> ASSIGNMENT: Return verbatim the lines that run from the one holding "Недвижимость в Испании, Новые" to the end of the listing, both ends included, without the pictures.

== COLLECTED DATA

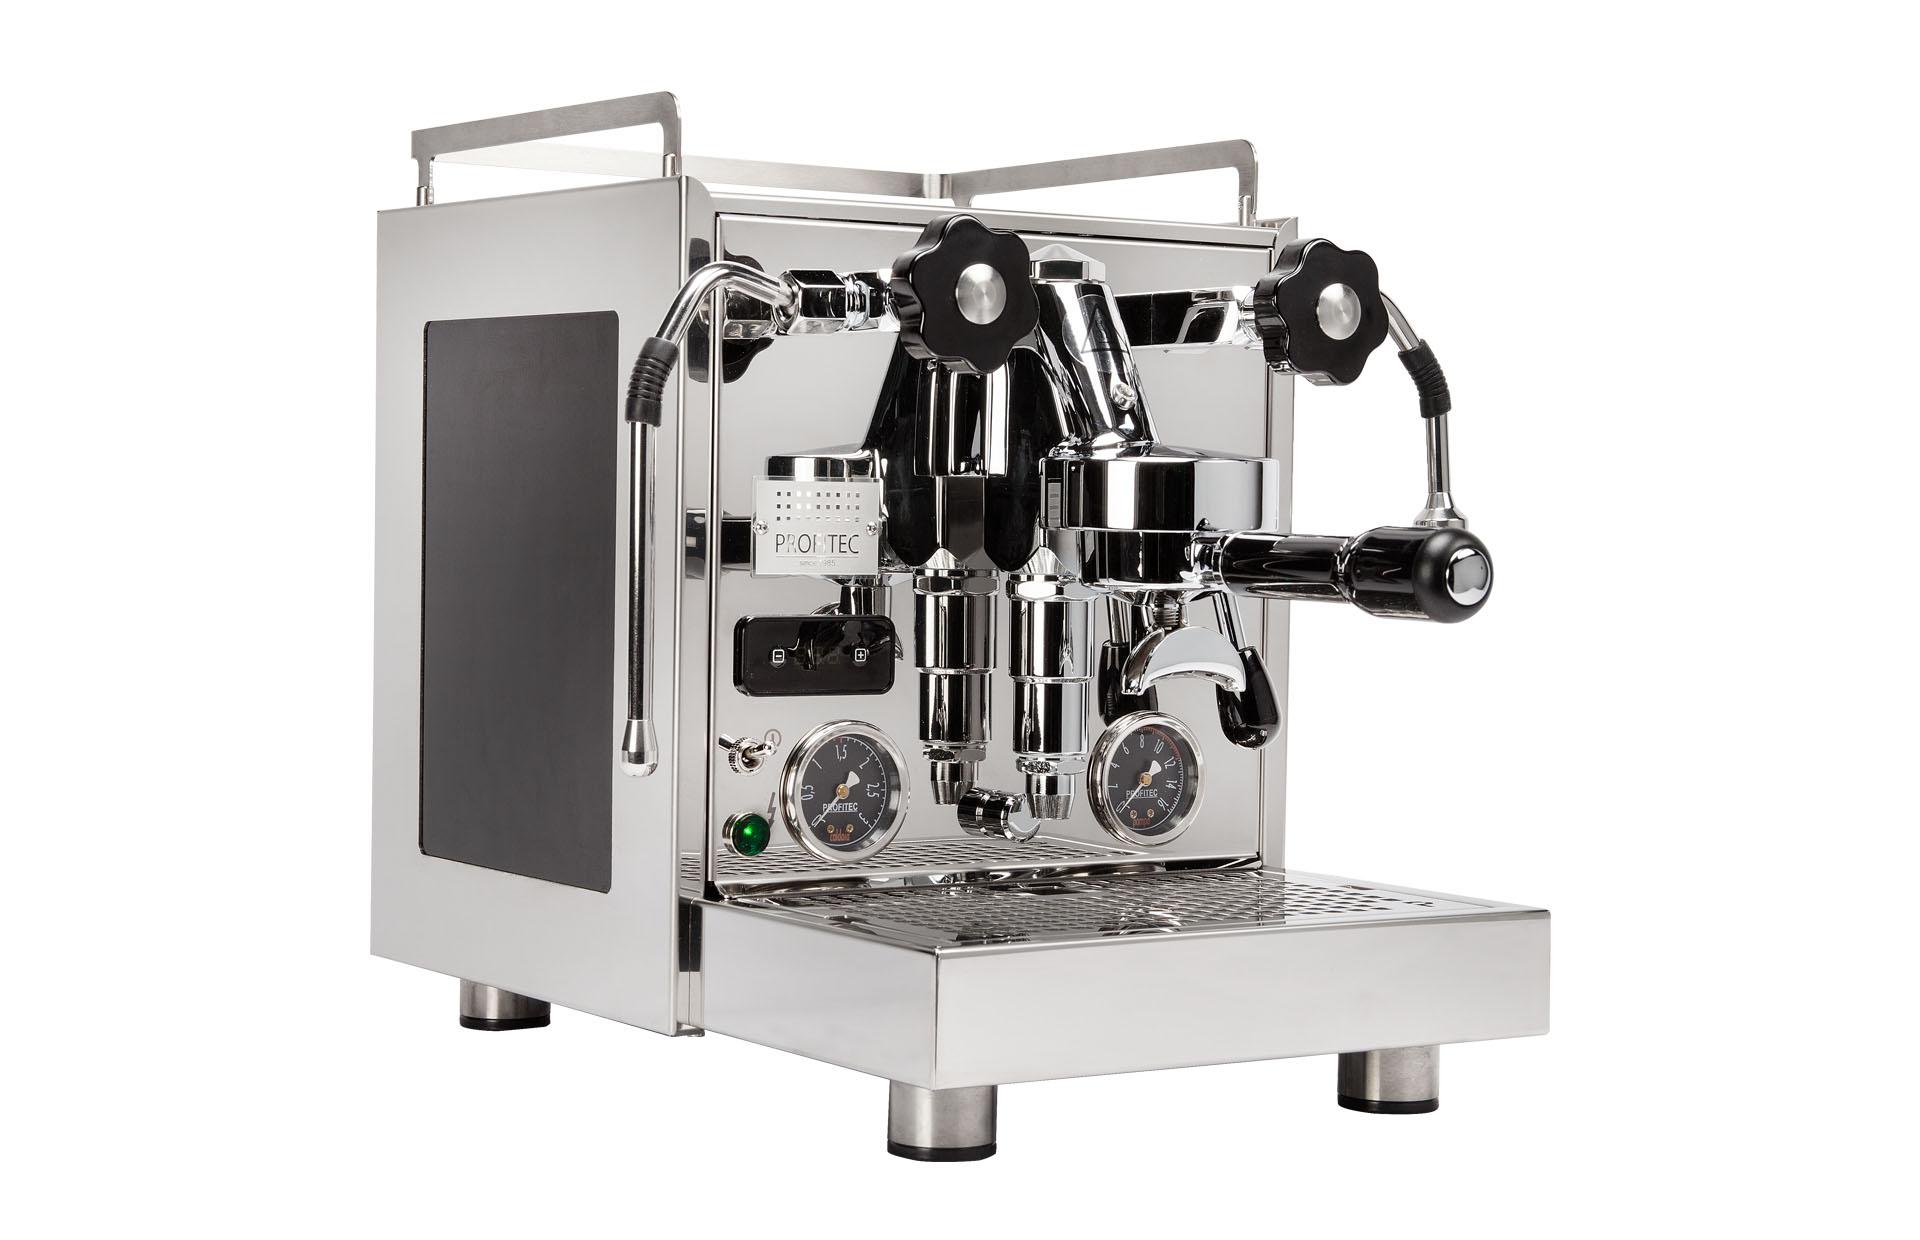 Profitec Pro 600 PID Dualboiler Espressomaschine
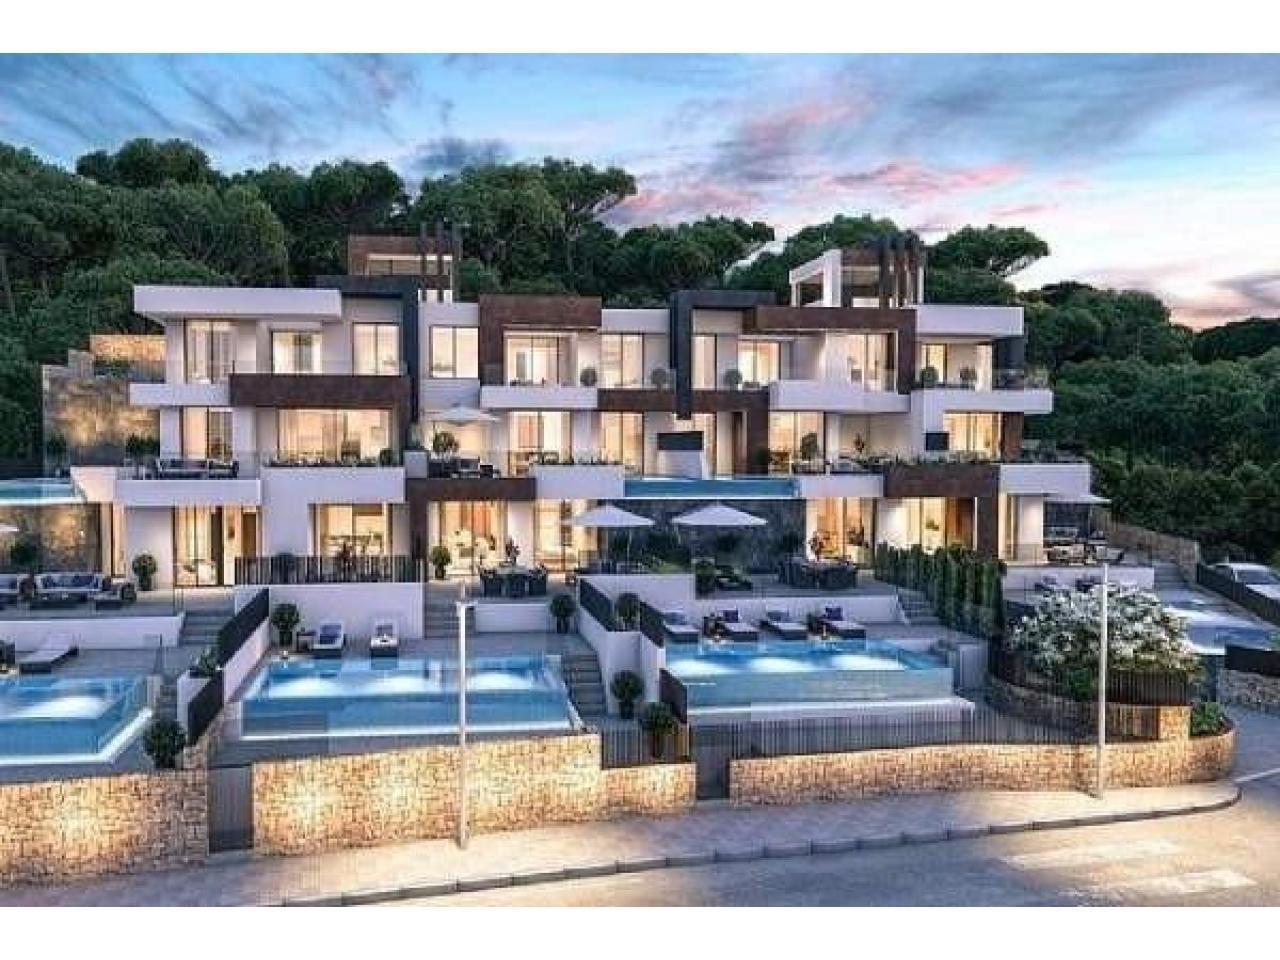 Недвижимость в Испании, Новые квартиры с видами на море от застройщика в Бенидорм - 7
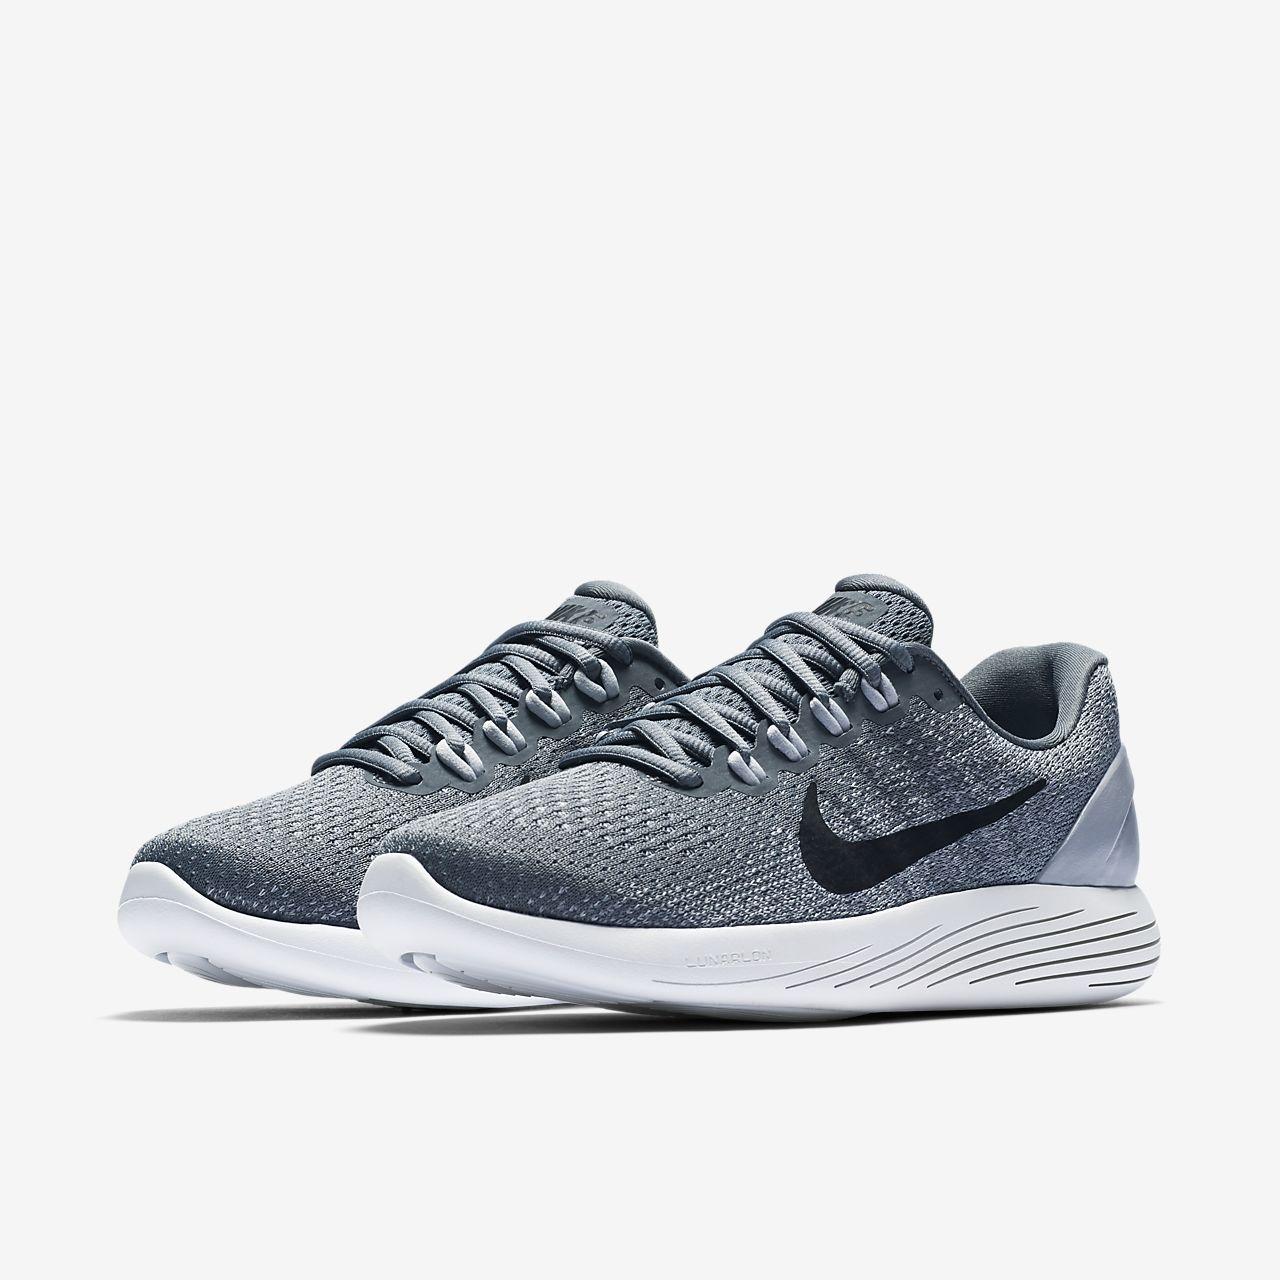 ef0e8c12b13b Nike LunarGlide 9 Women s Running Shoe. Nike.com AU

====

> SOLUTION FOR THIS TASK:
 Недвижимость в Испании, Новые квартиры с видами на море от застройщика в Бенидорм - 7
 ef0e8c12b13b Nike LunarGlide 9 Women s Running Shoe. Nike.com AU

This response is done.